To generate brain networks and connectomes, data-driven brain parcellations from young healthy individuals were used29. The functional connectivity map was derived from resting-state fMRI data of 40 young healthy subjects (25.3 ± 4.9 years, 24 males)64. The scans were done using Siemens Medical Trio 3 T MRI scanner, consisting of a high-resolution T1-weighted image, as well as T2*-weighted images with blood-oxygen-level-dependent contrast (3.3 mm3 isotropic voxels, TR 1.9 s). The dataset was preprocessed using conventional steps consisting of rigid body motion correction, correcting for nuisance variables (white matter, CSF, motion parameters), and low pass filtering. The structural connectivity map was generated using the Illinois Institute of Technology Human Brain Atlas v.3, (freely available at The atlas was constructed using data from 72 neurologically healthy subjects (20–40 years, 28.8 ± 5.5 years, 30 males). All subjects were scanned using a 3 T General Electric MRI scanner (GE, Waukesha, WI) with the following parameters (TR = 5800 ms, TE = 94ms, voxel size = 3 mm3, 256 × 256 final image matrix, FoV = 24 × 24 cm2, b = 900 s mm−2, 45 slices for 12 diffusion directions uniformly distributed in 3D space, scan time: 21 min 57 s)65. Imposing a maximum of 500 mm trace length and a curvature threshold of ±90, the anatomical connection probability was calculated between all pairs of regions using a probabilistic graph-based tractography algorithm66.

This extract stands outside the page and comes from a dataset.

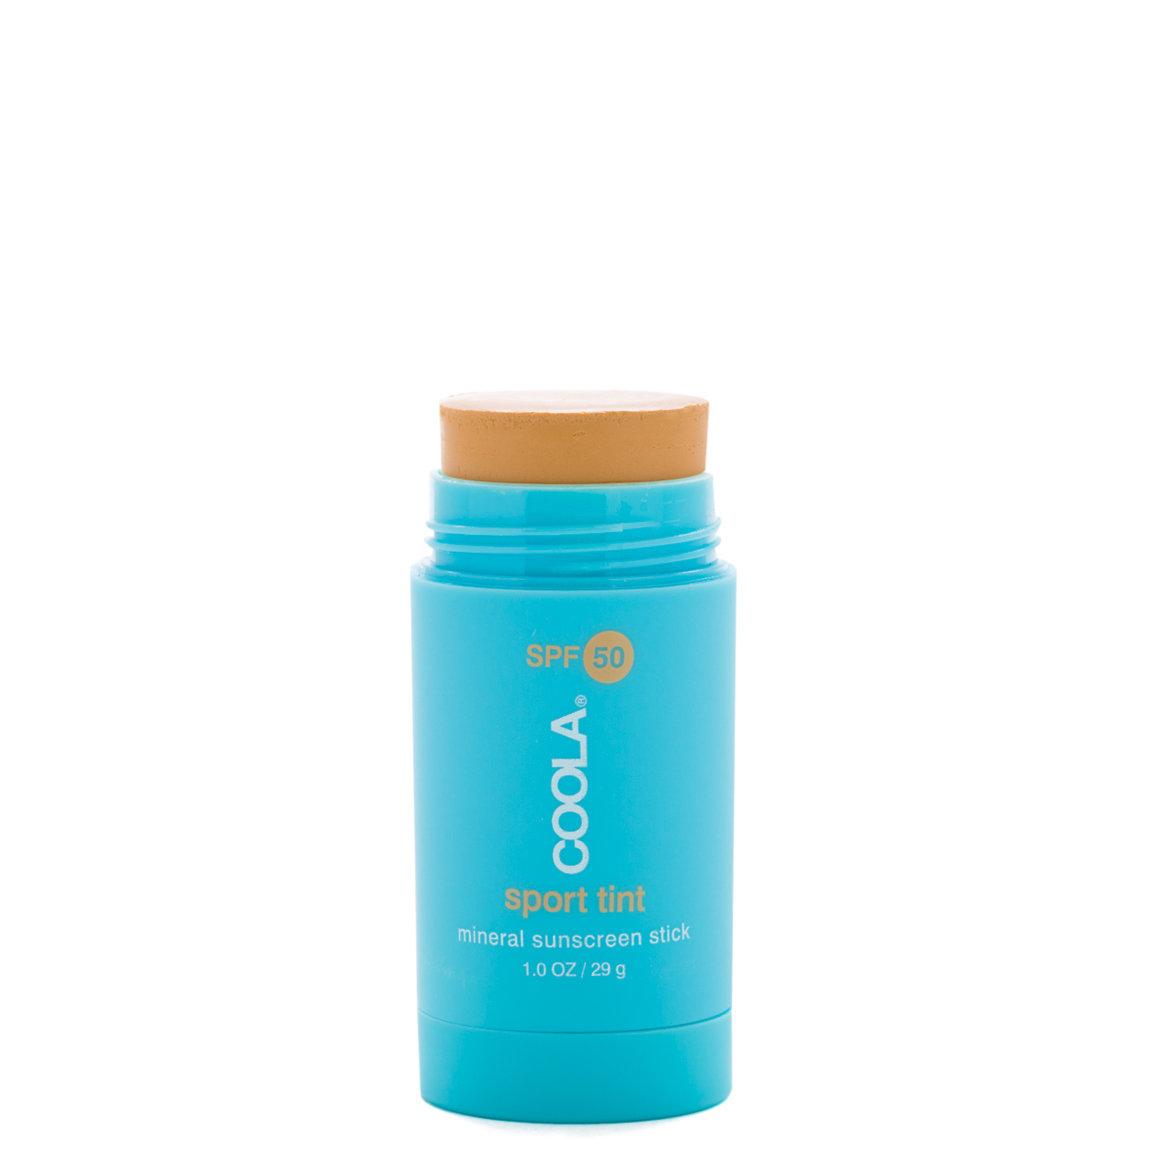 COOLA Mineral Sport Sunscreen Stick SPF 50 Tint

Spearman’s correlation was used to investigate the relationship between disease progression in cortical areas (cortical thinning) and the ‘disease exposure’ for each region in the PD-ICA (defined by the average values of each region weighted by connectivity). The same procedure was performed to test propagation hypotheses along the functional and structural connectomes. The propagation analysis was performed for the whole brain and for each hemisphere separately.

CSF measures

CSF Aβ42, α-syn, t-tau, and p-tau181 were collected by lumbar puncture at PPMI clinical sites67. Frozen aliquots (at −80 °C) were then shipped and assessed using the MAP Luminex platform (Luminex Corp, Austin, TX) with Innogenetics (INNO-BIA AlzBio3; Ghent, Belgium; for research use-only reagents) immunoassays used for Aβ42, t-tau and p-tau181. CSF α-syn assay was performed at Covance using a commercially available ELISA Assay Kit (Covance, Dedham, MA)68. To evaluate the possible contamination of blood in CSF—a factor thought to influence the level of some proteins including α-syn and Aβ42 69,70—the relationship between CSF hemoglobin and other CSF measures was assessed. No significant association was observed (all p < 0.05), suggesting that there is no effect of added blood on concentration of CSF measures. Owing to the ongoing nature of the study and incomplete data, only CSF data from baseline were used in this analysis68.

Code availability

All code written by the authors of this manuscript is available upon request.

Data availability

The DBM maps are available at Cortical thickness maps will be made available on request. The CIVET pipeline is available at The functional and structural connectome data are from cited sources and available upon request from the authors of the related publications.